Clemens, thanks for the support.  Always good to hear when someone else has 
done it first!

Joan, thanks for the info.  I’ll make sure we take the views before the data.

> On Jan 15, 2016, at 6:24 PM, Joan Touzet <[email protected]> wrote:
> 
> One thing to note is that your views and your DB may be in different
> states when you pull files off the HDD sequentially, if they're large.
> If your views are "newer" than the DB file you have, it could cause
> issue. I recommend copying the .views subdirectory FIRST, then copying
> the database file.
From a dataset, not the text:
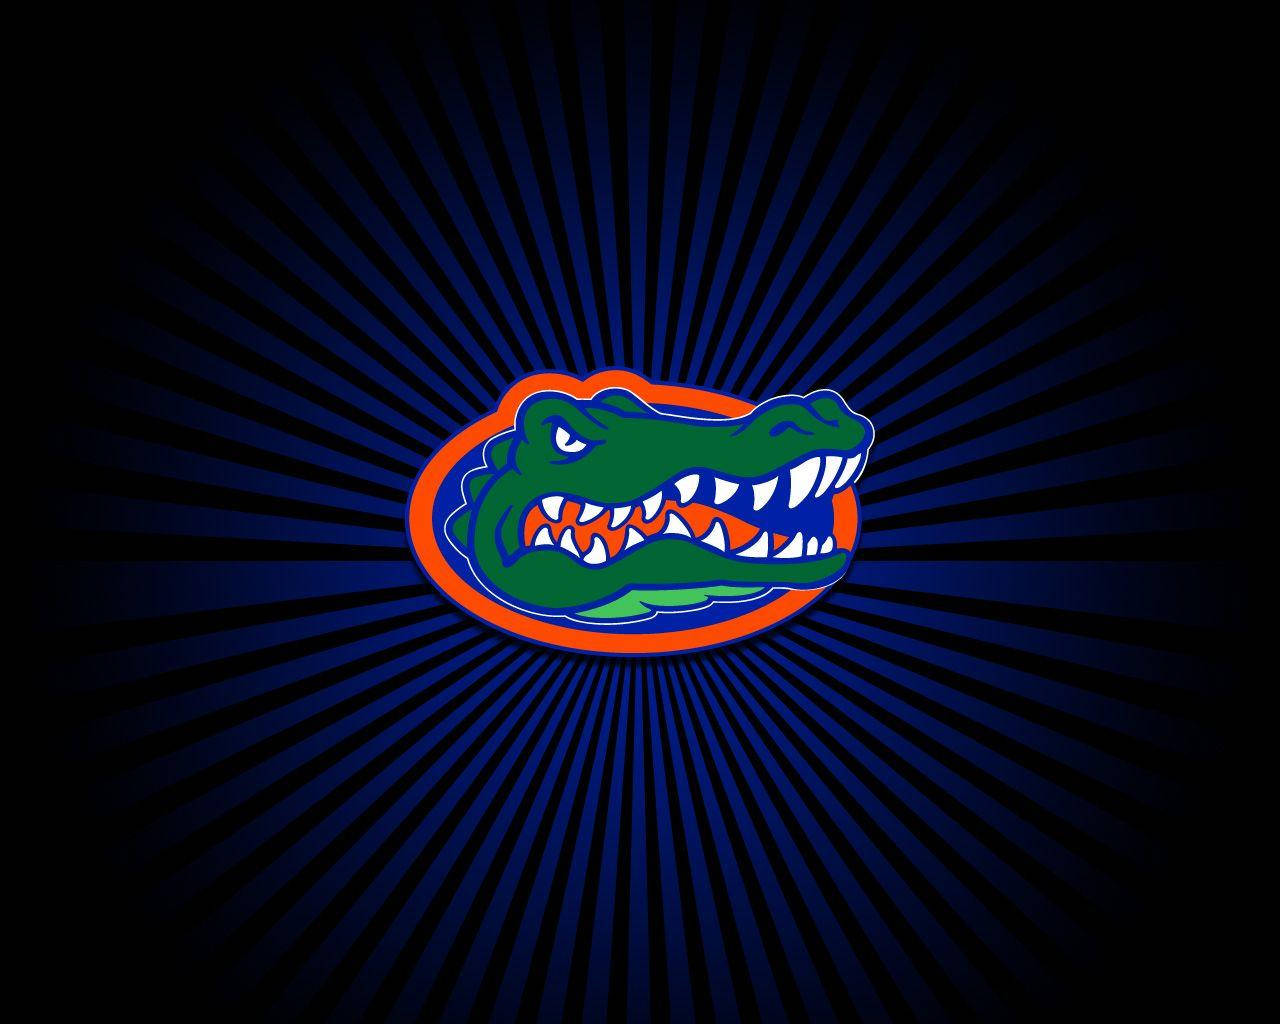 University Of Florida Gators With Rays Background

This will ensure the views are always the same
> age as the DB or older, meaning only a minor amount of catch-up is 
> required to update the view to current if at all.
> 
> -Joan
> 
> ----- Original Message -----
>> From: "Clemens Stolle" <[email protected]>
>> To: [email protected]
>> Sent: Friday, January 15, 2016 3:52:49 AM
>> Subject: Re: how to force flush a db?
>> 
>> Hey Dan,
>> I have an app in production and we handle backups the way you're
>> describing. Every night we push a zip archive to s3. Works great.
>> 
>> ---
>> Clemens
>> 
>>> Am 14.01.2016 um 21:44 schrieb Dan Santner <[email protected]>:
>>> 
>>> Thanks for the response.
>>> 
>>> I should probably ask a different question.
>>> 
>>> I’ve been using git to take snapshots of my databases in certain
>>> states.  Basically i put all the data files under git and then
>>> when I have my data the way I want I can freeze it for later
>>> replay by committing it to a branch in a repo.
>>> 
>>> It works really well for me.  I’m thinking of the similar mechanism
>>> for backup.  Basically I’ll zip the data directory and store it in
>>> S3 periodically as a backup.  I was concerned though that the
>>> state of the files might not be restartable if I don’t shut down
>>> the couchdb process before snapshotting.
>>> 
>>> Anyone else doing something like this?
>>> 
>>>> On Jan 14, 2016, at 1:00 PM, Robert Samuel Newson
>>>> <[email protected]> wrote:
>>>> 
>>>> [couchdb]
>>>> delayed_commits=false
>>>> 
>>>> It’s false by default from 2.0 onward too.
>>>> 
>>>> When set to true, a timer calls fsync once per second. I’d argue
>>>> your forcing isn’t necessary in either case.
>>>> 
>>>> B.
>>>> 
>>>>> On 14 Jan 2016, at 17:46, Dan Santner <[email protected]> wrote:
>>>>> 
>>>>> Is there a way to force couch to flush everything to disk?  right
>>>>> now I’m stopping the database to make that happen but would be
>>>>> really nice to be able to do that while keeping it running.
>>>>> 
>>>>> 
>>>>> Maybe this isn’t even necessary?